Members raised several issues for MCC to consider. Technical methods for attributing U.S. benefits to specific MCC interventions require strong assumptions, and estimating benefits ex ante adds greater uncertainty. Questions arose about the incidence of U.S. benefits, and their possibly offsetting effects, across different segments of the population. For example, lower income groups may benefit from cheaper imports, while internationally competitive firms, and their higher income workers in particular, benefit from greater exports. Separately, members asked whether benefits materializing on the U.S. side should be matched against any related costs. Members also cautioned that MCC's operational timeline may not align closely with many of the proposed benefit channels. Supply chains require years of coordination and refinement. Meanwhile, MCC compacts typically close within 5 years, leaving little room for long-term prospects to mature.
One member suggested applying scale factors to MCC's investments to arrive at precisely one single number. Comprised of just a handful of variables-e.g., the partner country's GDP, trade share, and the size of the MCC investment-such a scale factor offers a formulaic approach that is consistent, comparable, and simple to reproduce. Other members, however, urged MCC not to aggregate across different benefit streams or categories that yields a single number capturing the totality of U.S. benefits. Instead, members suggested a multi-faceted approach to quantifying benefits that (along with qualitative narratives) can complement MCC's standard practice for investment assessment using cost-benefit analysis.
Lastly, members also noted that a narrow focus on quantifiable benefits may create risks around MCC investments being used for the benefit of private firms, underscoring the importance of remaining focused on the agency's statutory mission of poverty reduction through economic growth in partner countries.
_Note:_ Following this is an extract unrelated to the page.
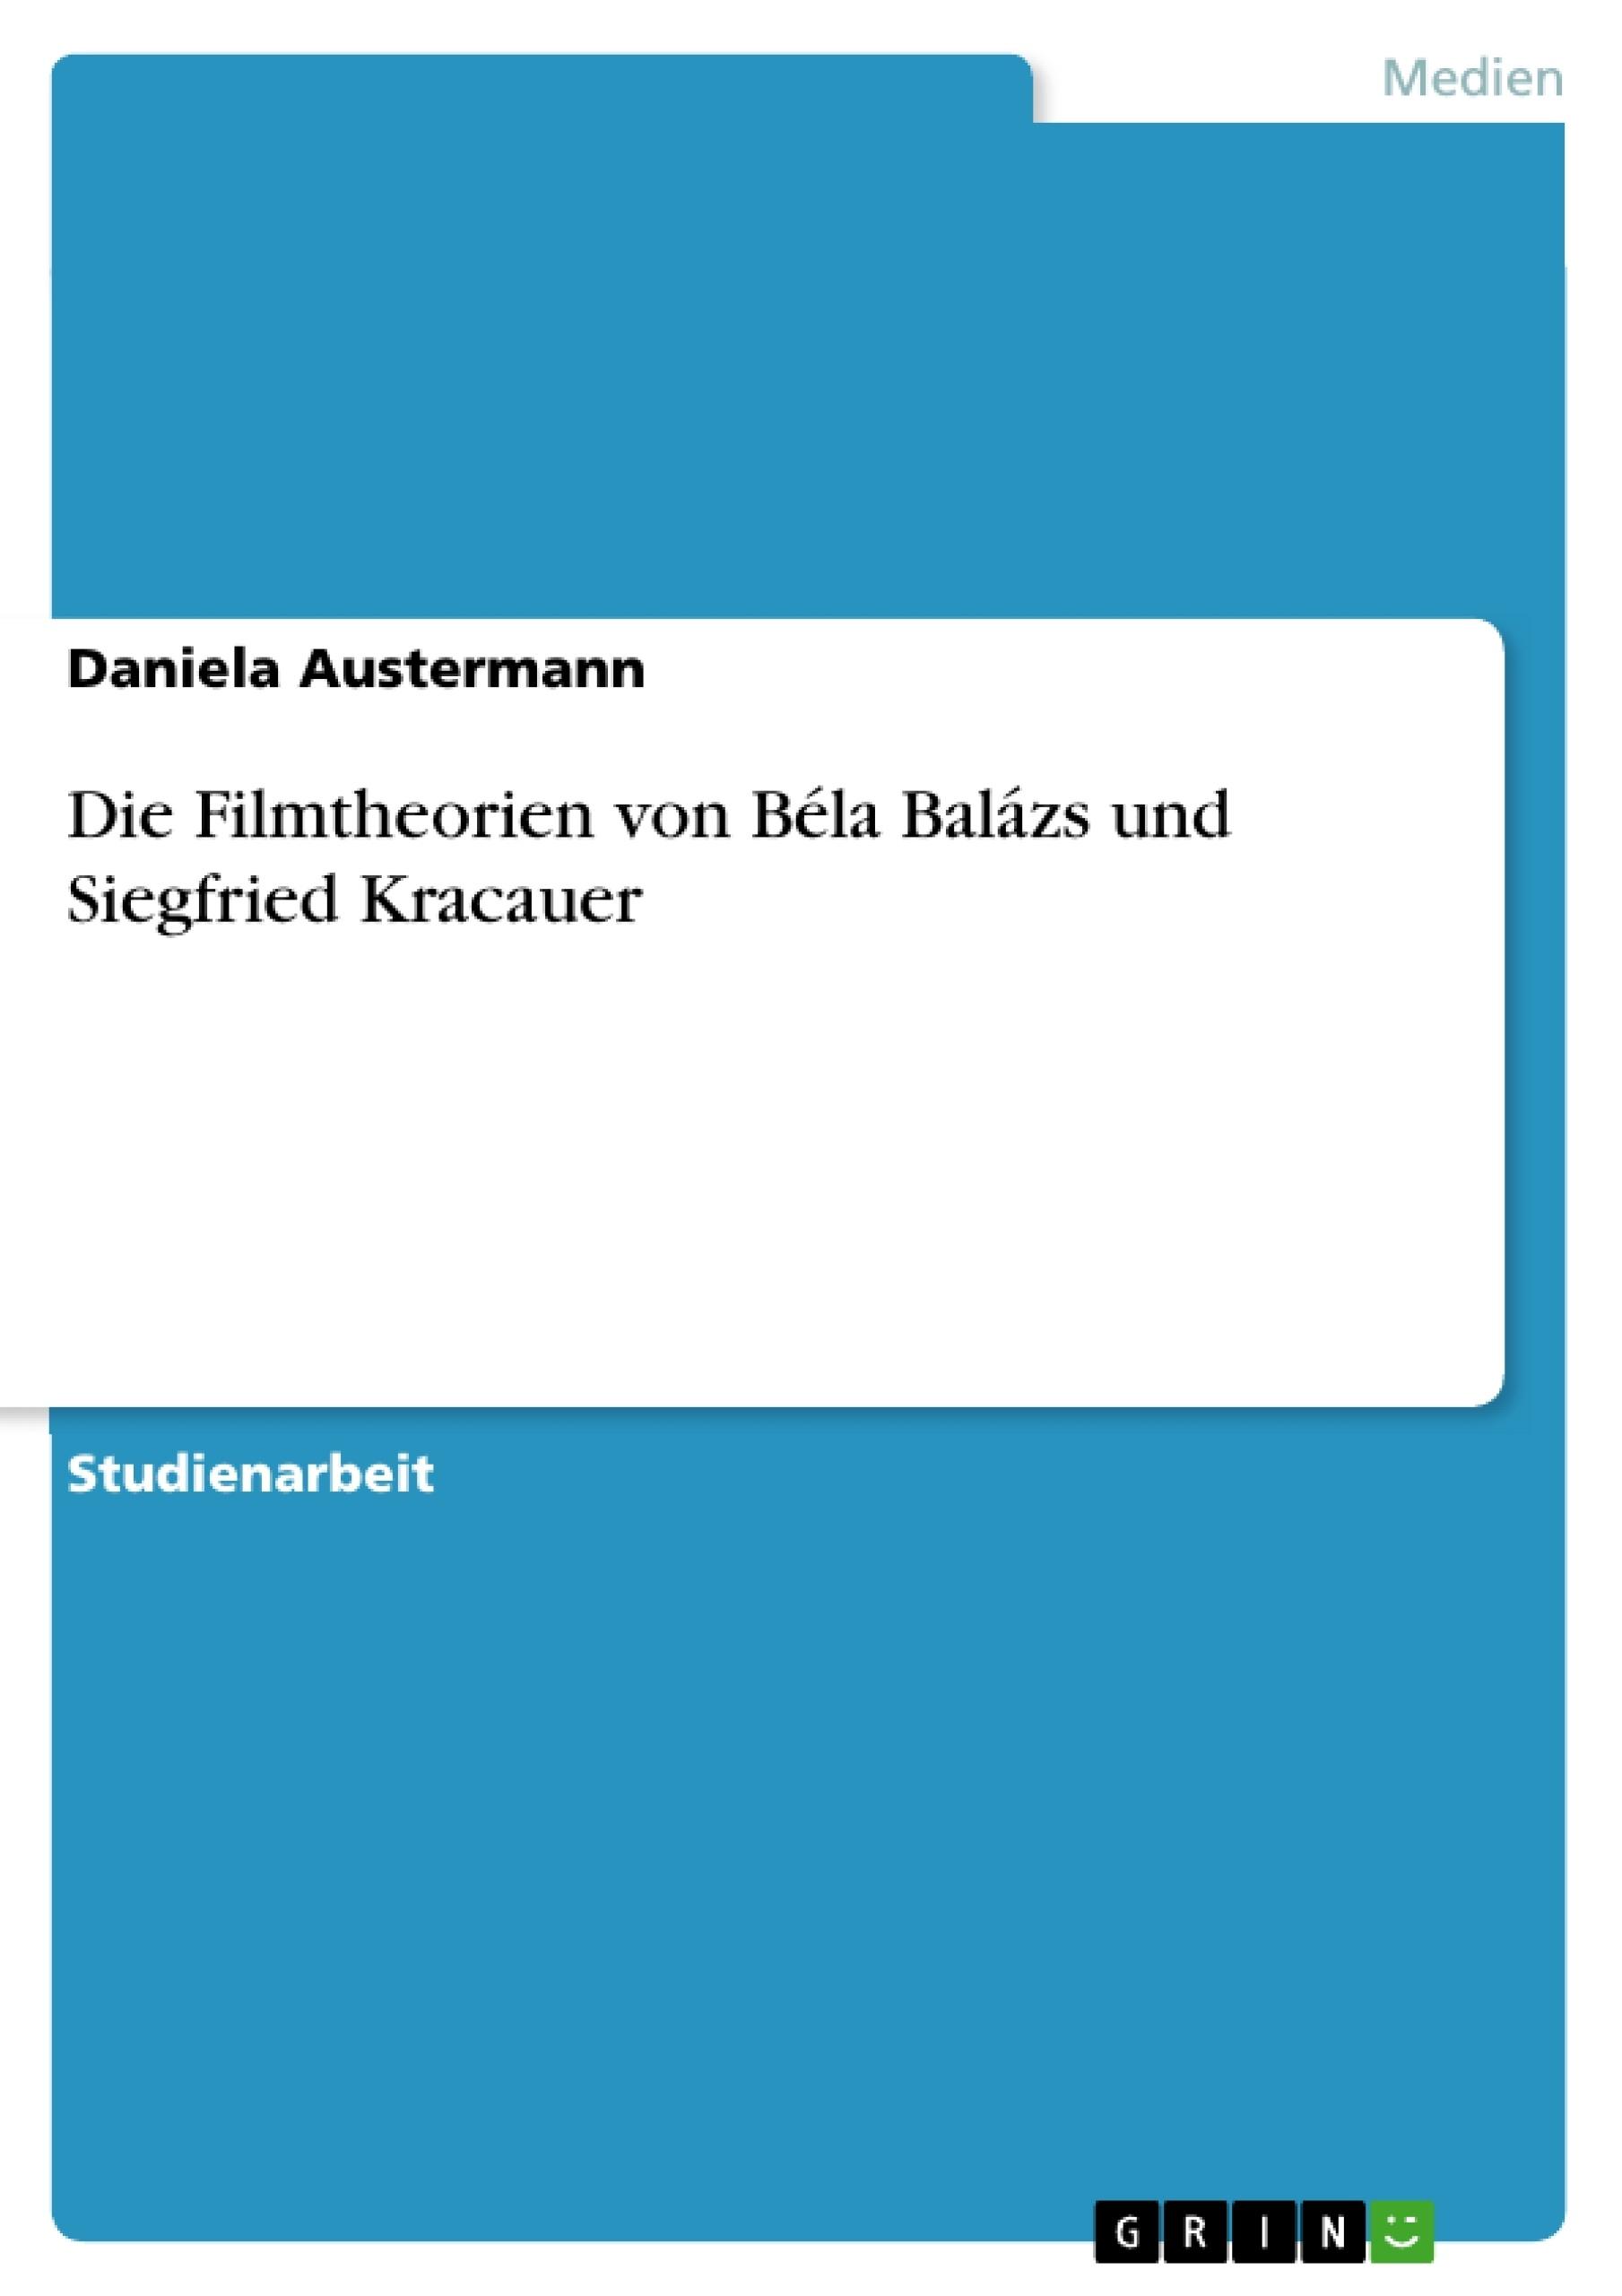 Titel: Die Filmtheorien von Béla Balázs und Siegfried Kracauer

Given the difficulty in quantifying these benefits, members urged MCC to additionally supply a narrative of qualitative benefits. Such narratives could rest on interviews, consultations, and case studies, complemented with broad findings from the research literature.
Other members pointed to U.S. strengths in services, e.g., banking, finance, consulting, insurance, technology and digital services and how they are treated in trade models. Members suggested that data and standard trade models may have limited ability to capture service exports that MCC needs to consider. Meanwhile, within goods imports, members highlighted sectors that receive less attention than critical minerals, including agriculture and processed foods such as coffee, spices, and confections that sustain significant segments of the U.S. service economy.